- _Your objective_
Using the data that follows, output only the lines from the line with "KK Logo Design" up to and including the line with "Dentiste femelle portant", exactly, leaving pictures aside.

- _Supplied data_

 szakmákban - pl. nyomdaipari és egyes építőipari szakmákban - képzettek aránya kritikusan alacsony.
--
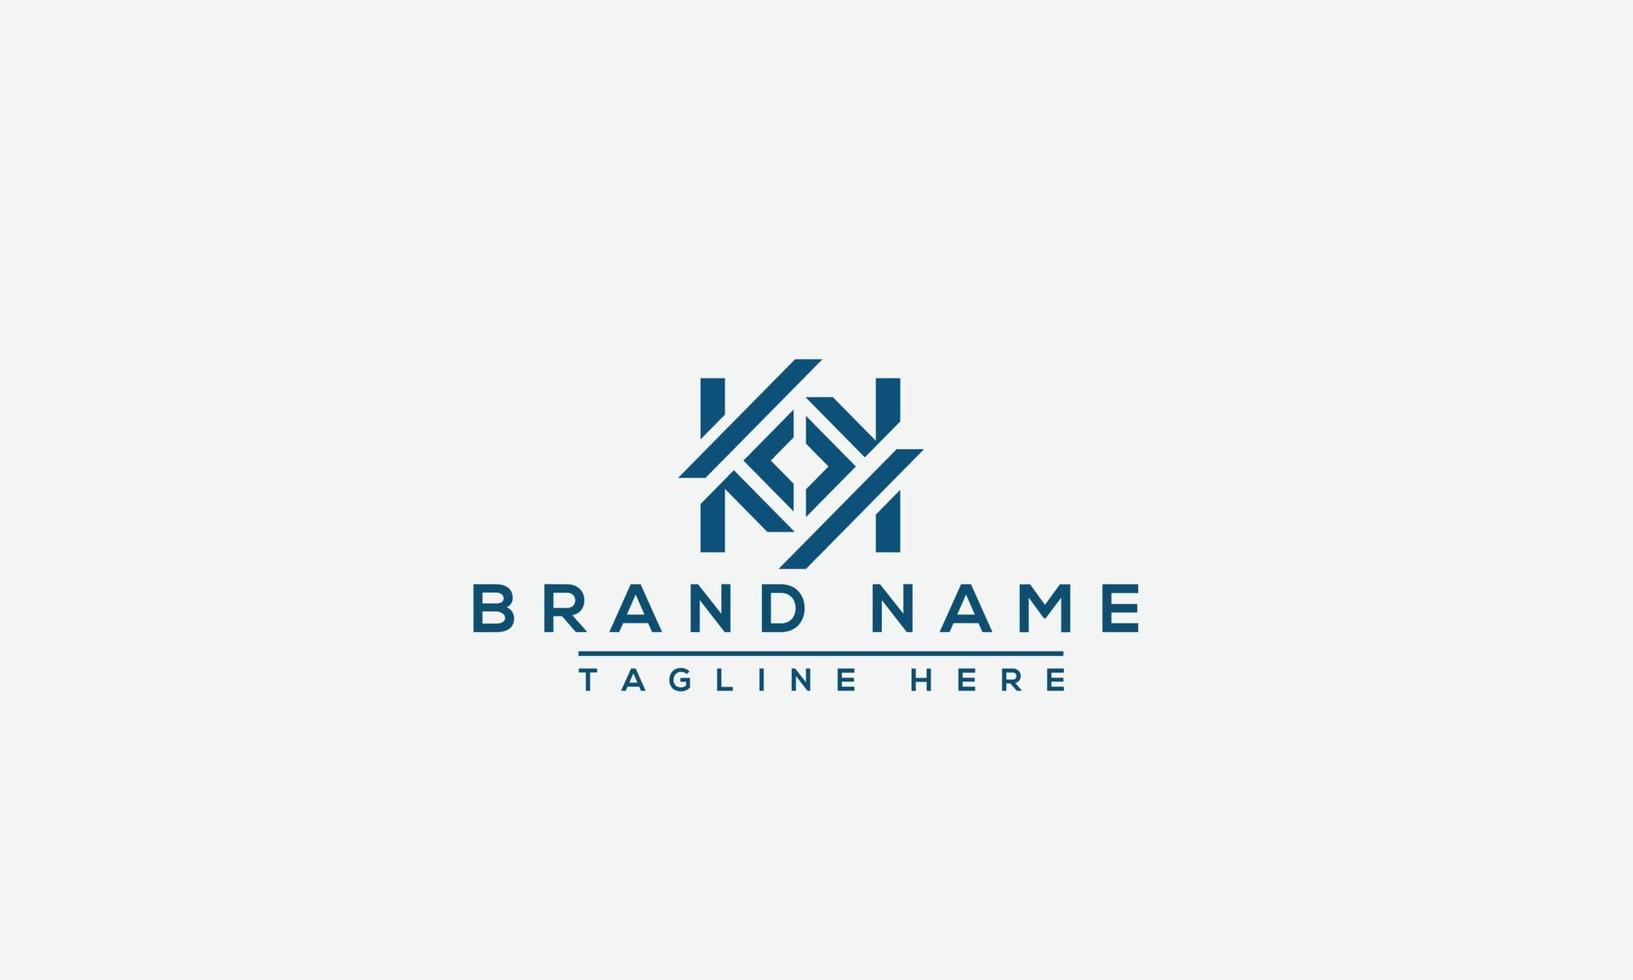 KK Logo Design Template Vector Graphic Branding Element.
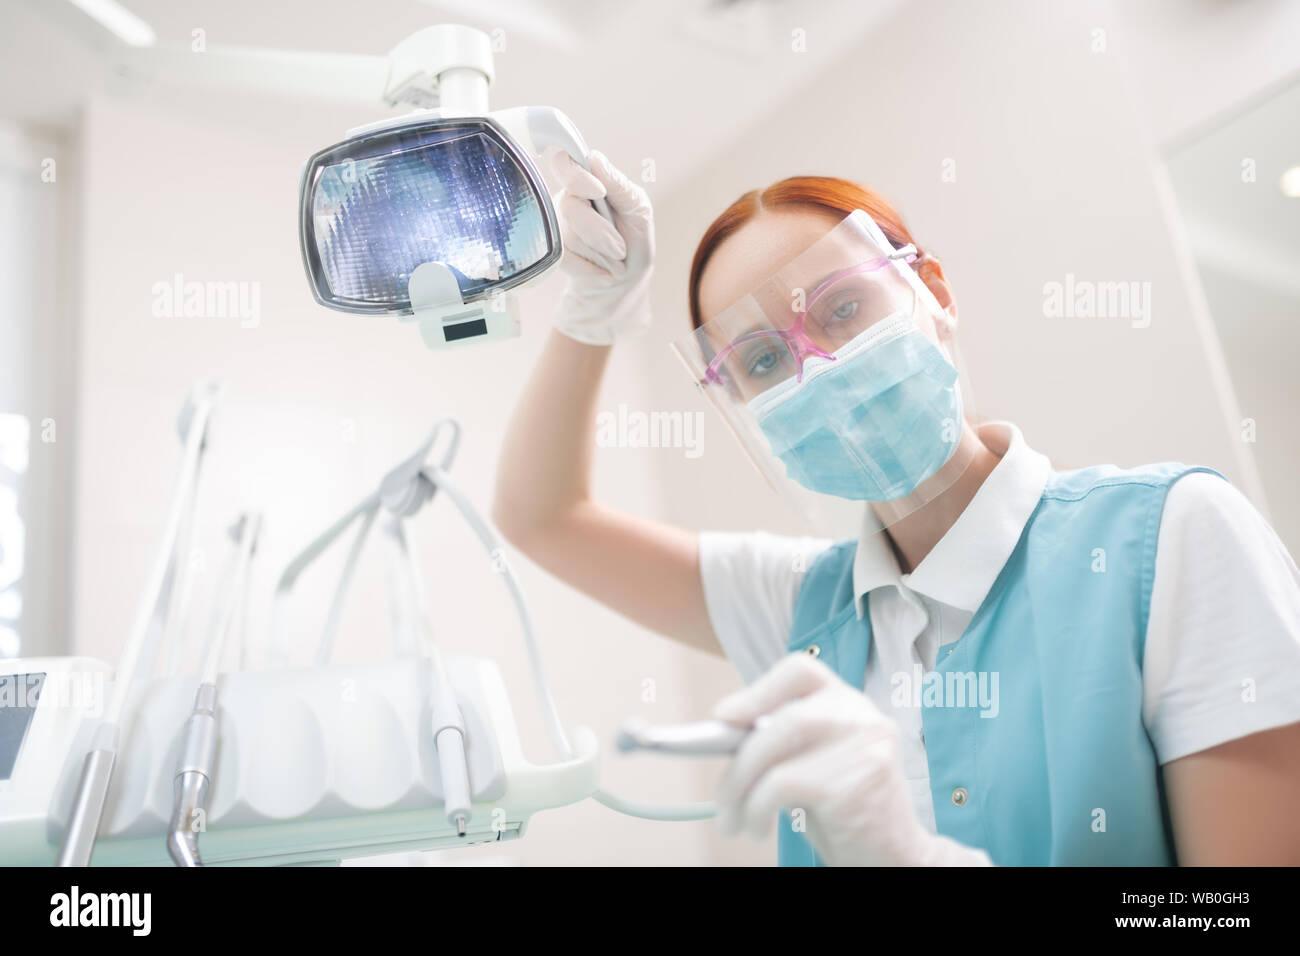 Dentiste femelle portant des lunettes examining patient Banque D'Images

- _Reply_
 KK Logo Design Template Vector Graphic Branding Element.
 Dentiste femelle portant des lunettes examining patient Banque D'Images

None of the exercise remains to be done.